* **What to do**:
For the material below, set down exactly the lines between the one containing "a red truck" and the last line, both included, leaving every picture out.

* **Information supplied**:
····················
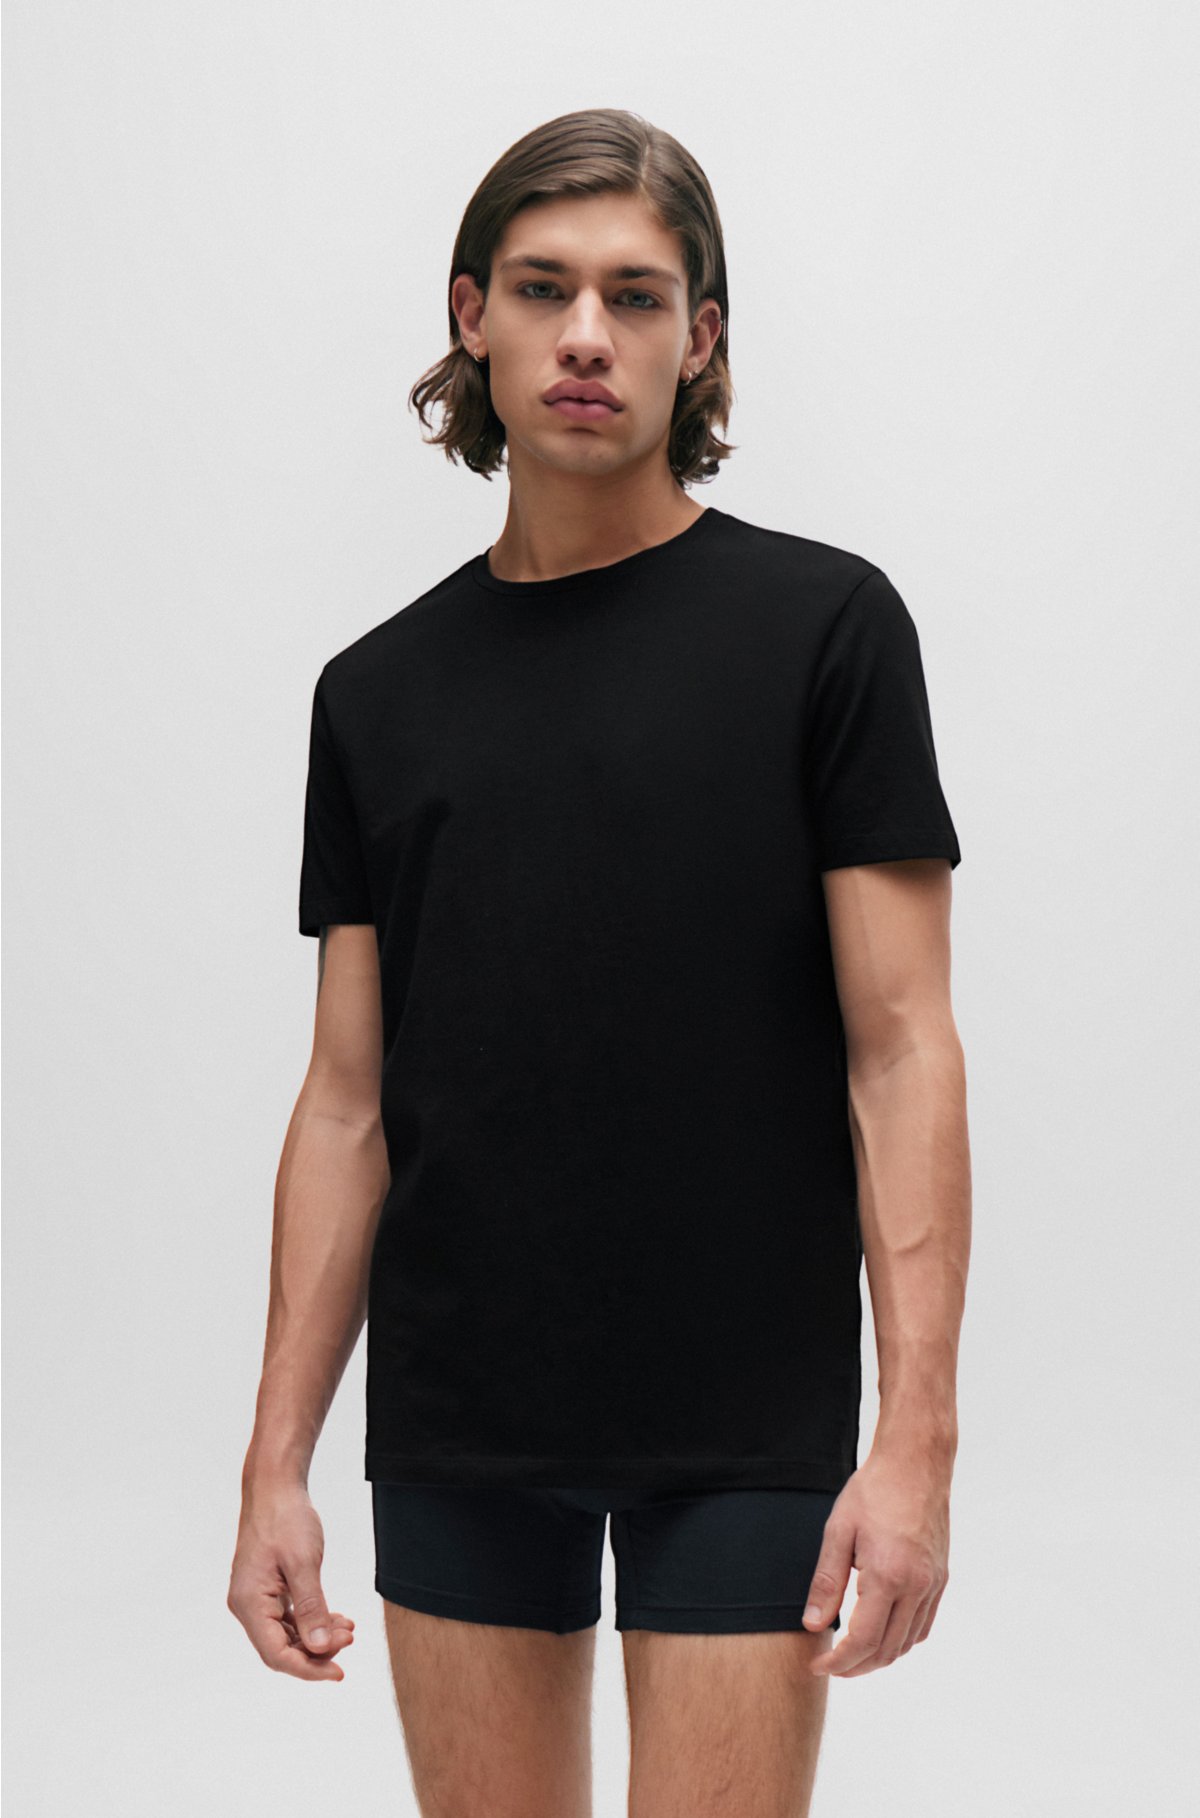 T-shirt homme Fashion coton longues fibres ·coton prérétréci 2 fois
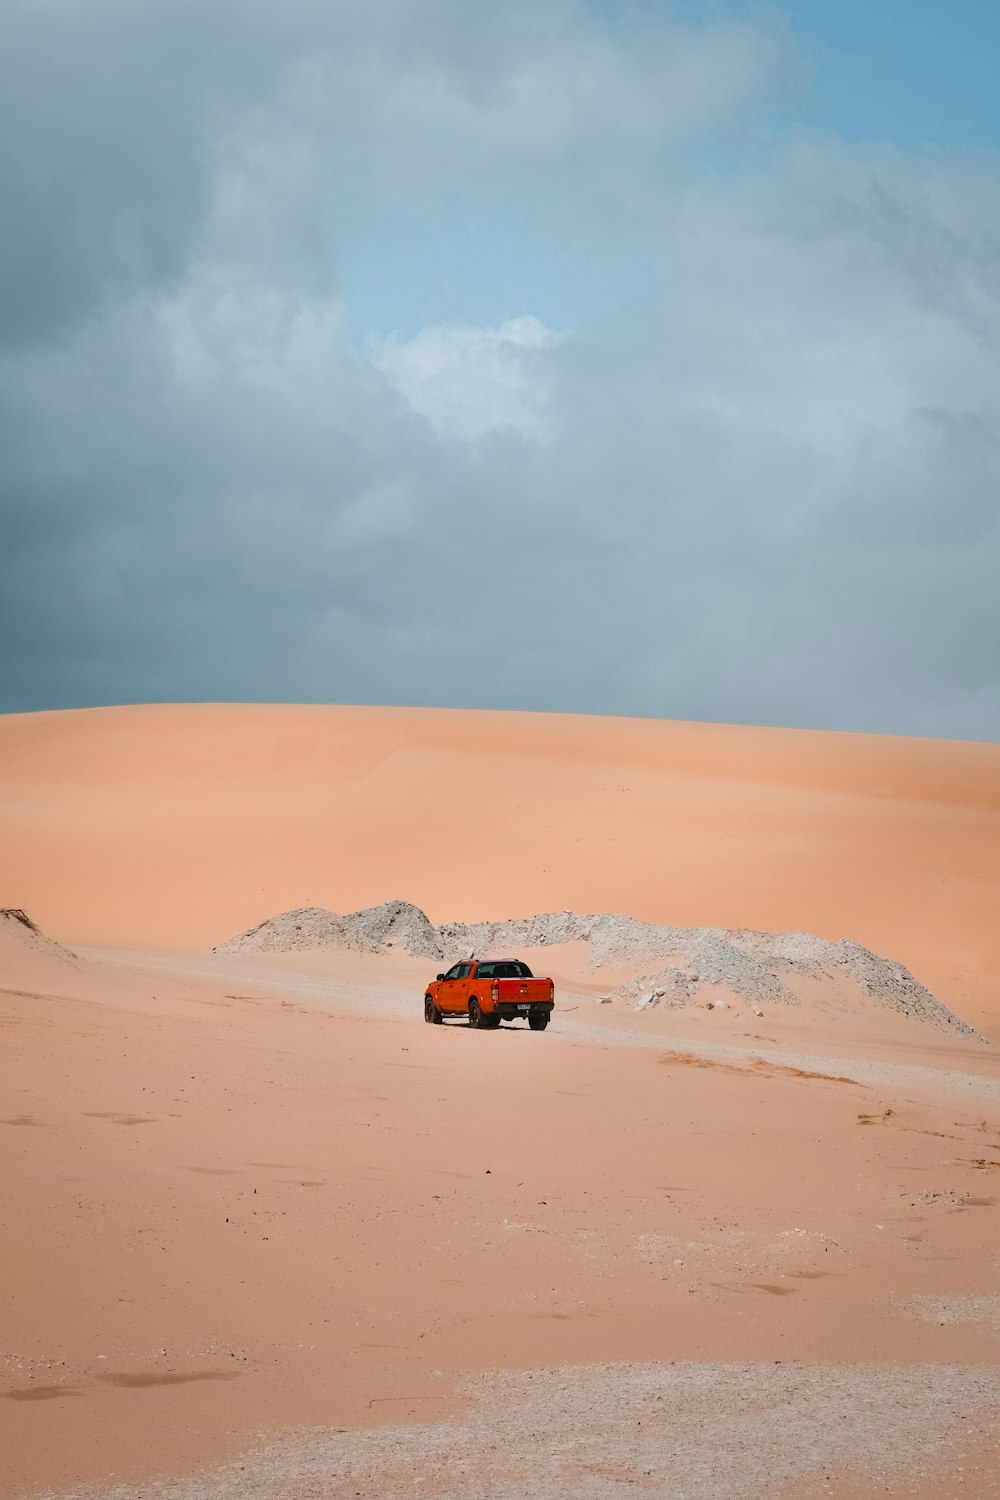 a red truck driving through a desert under a cloudy sky
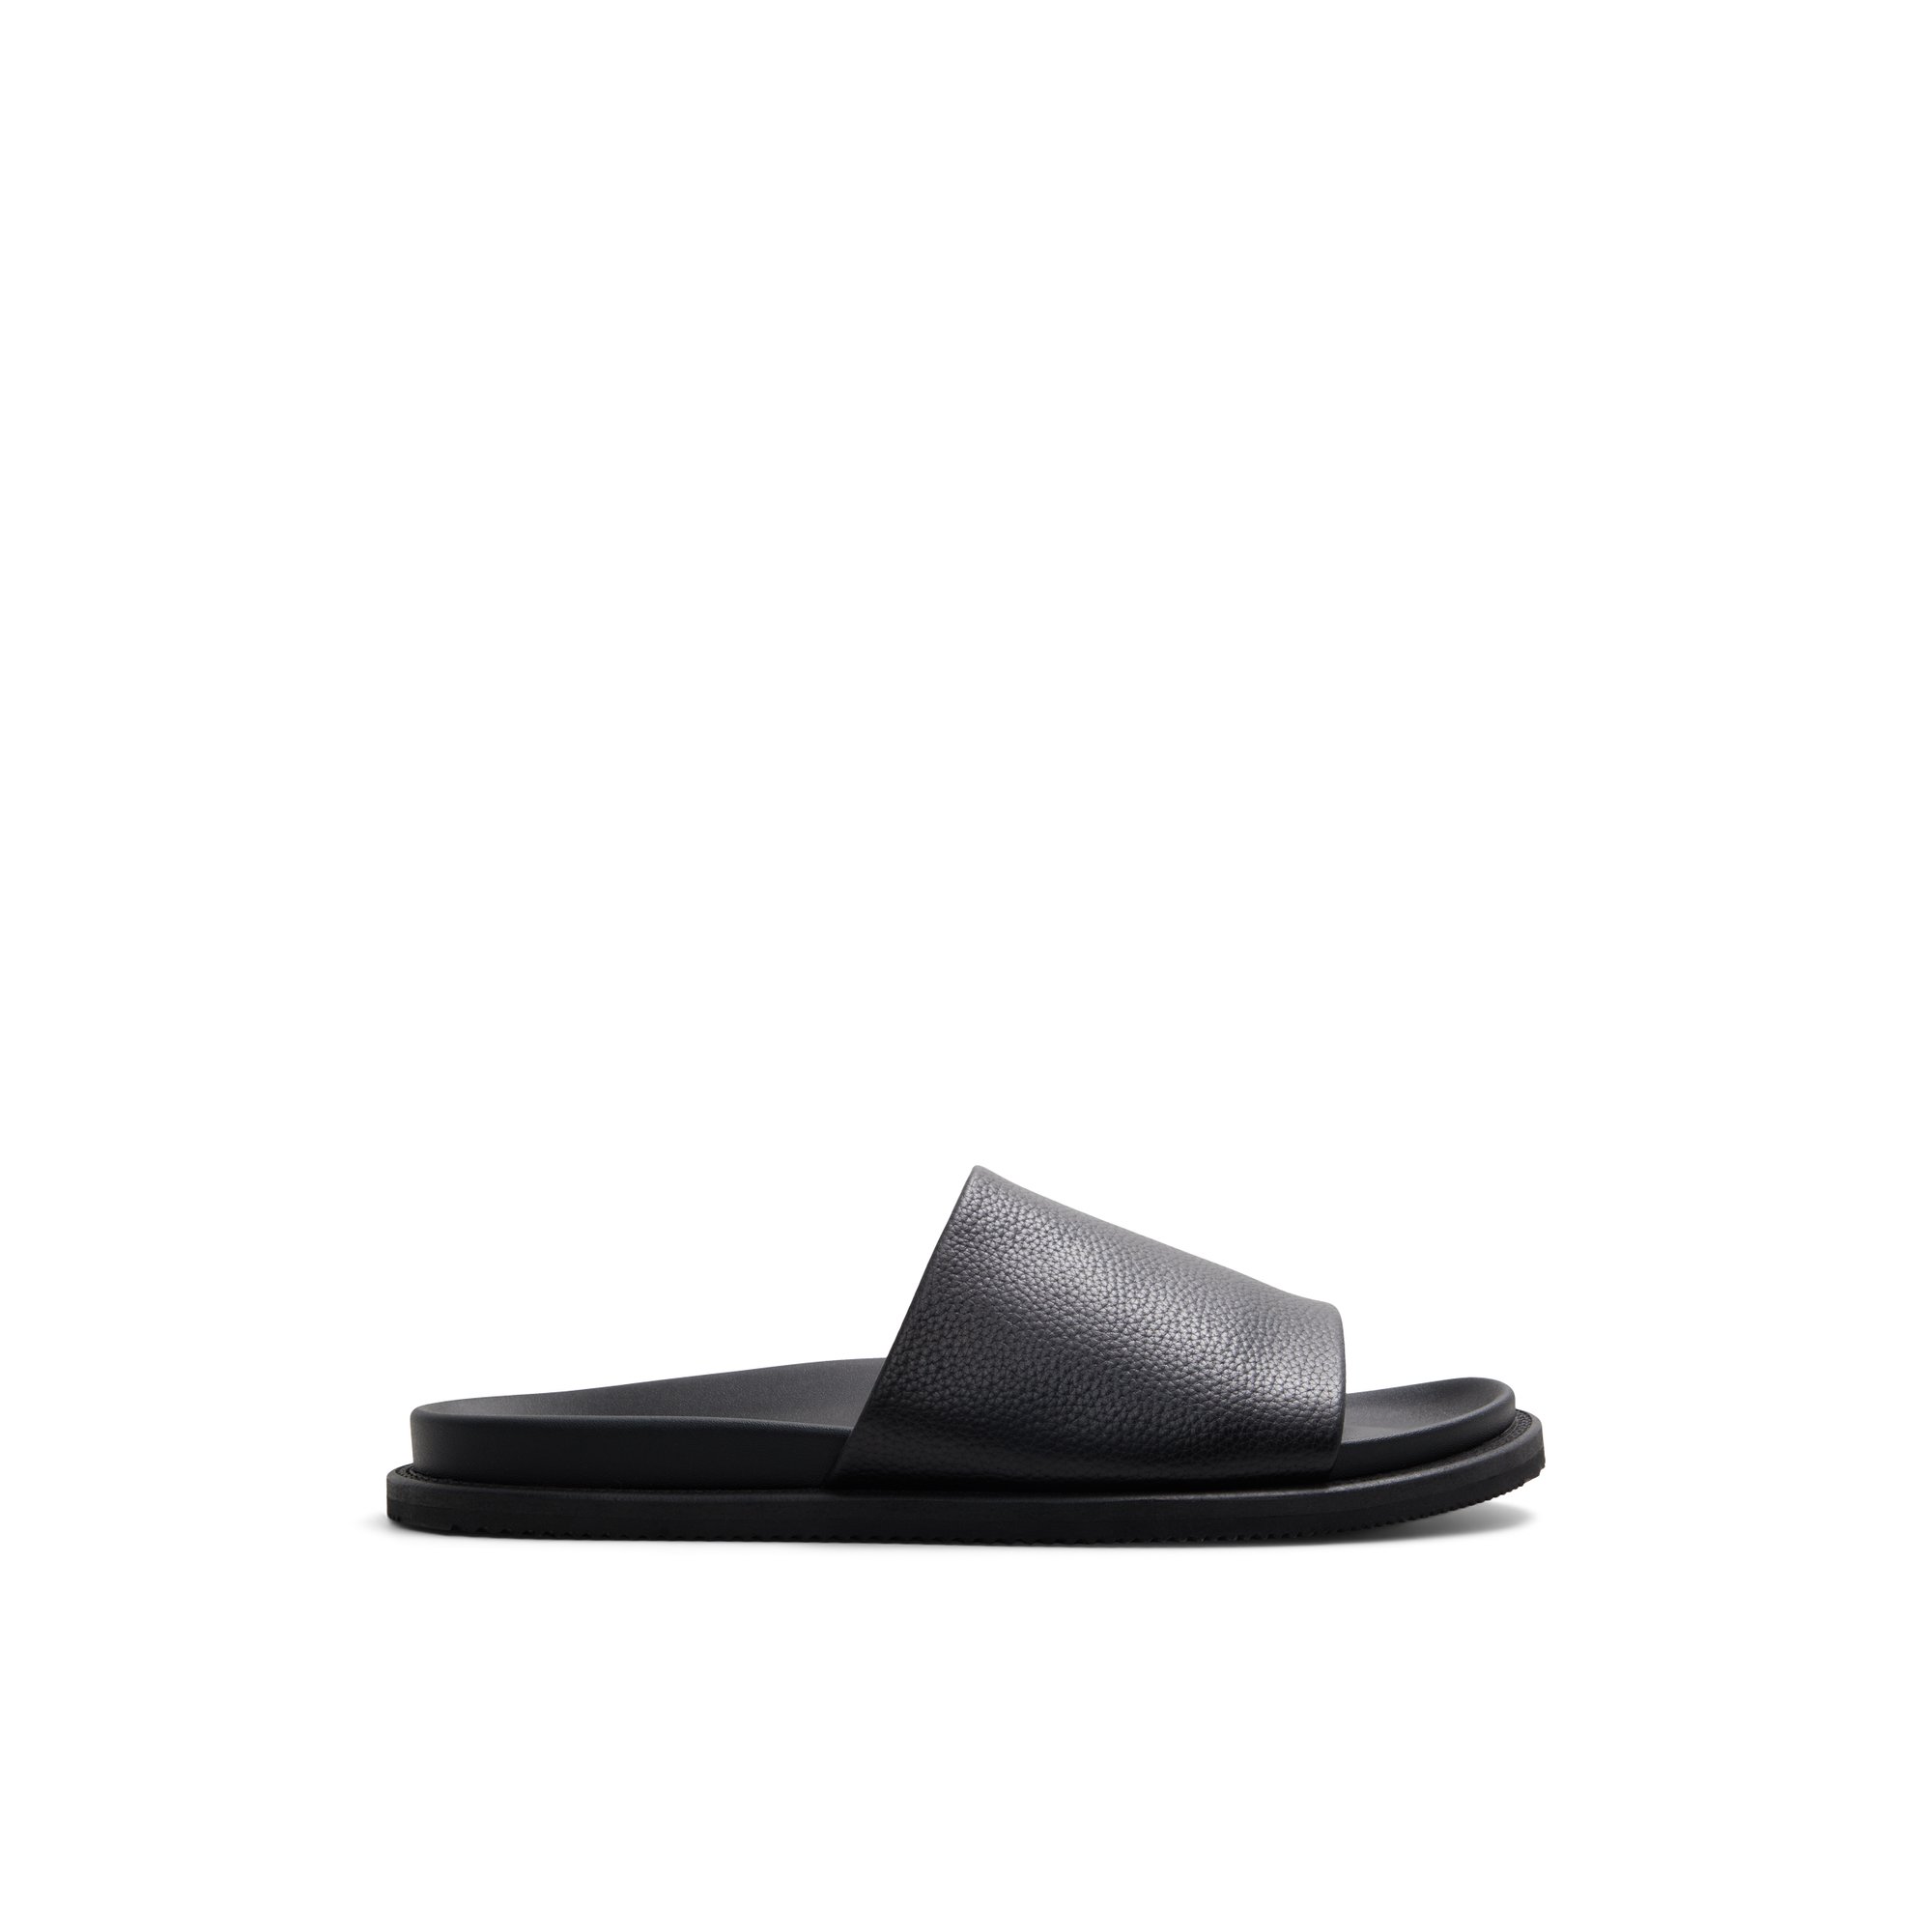 ALDO Gentslide - Men's Slide Sandals - Black
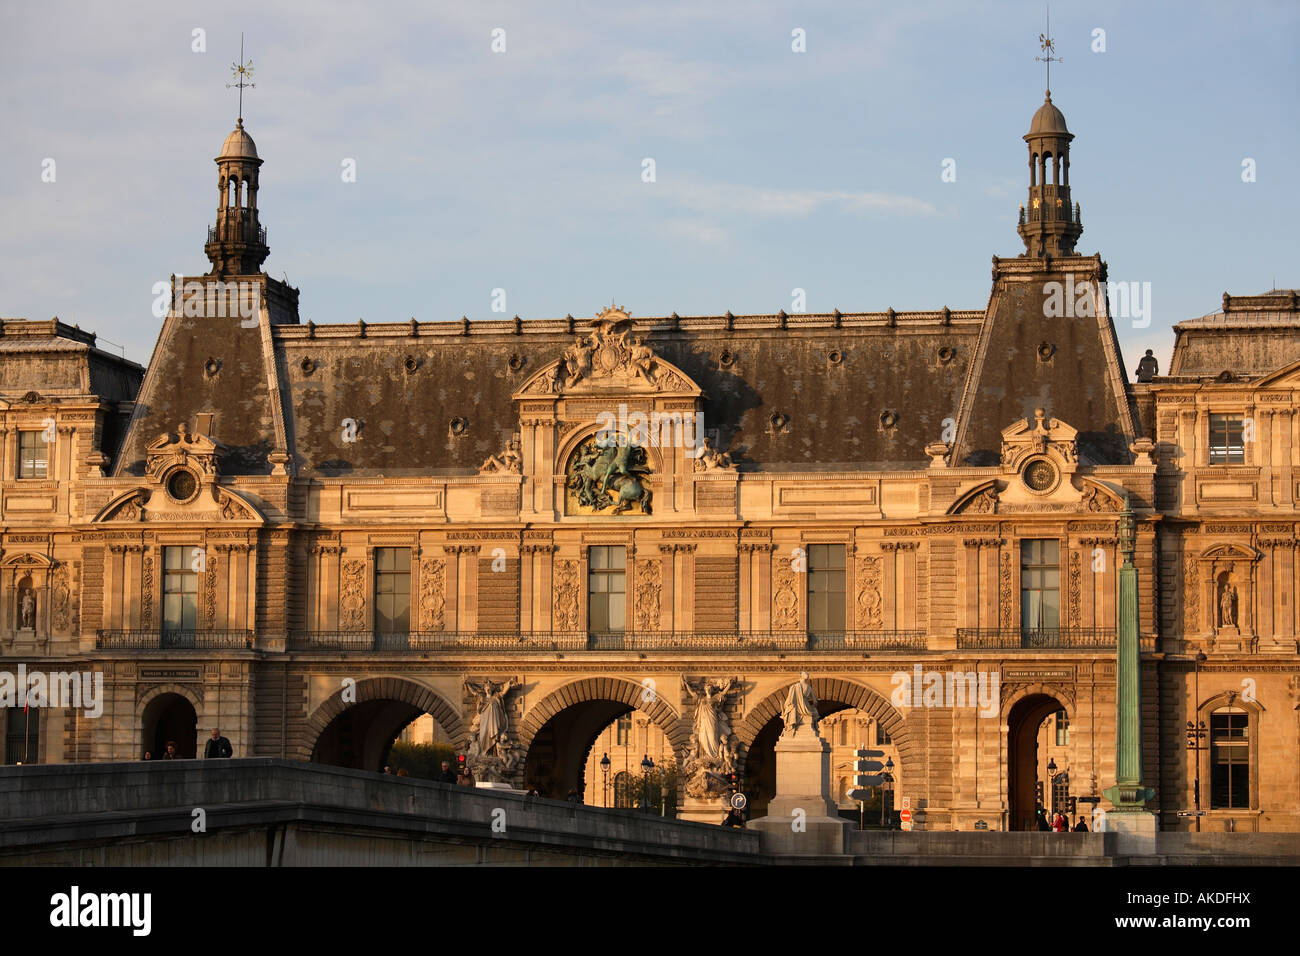 France Paris Le Louvre palace museum Stock Photo
····················
* **Exercise answer**:
 a red truck driving through a desert under a cloudy sky
 ALDO Gentslide - Men's Slide Sandals - Black
 France Paris Le Louvre palace museum Stock Photo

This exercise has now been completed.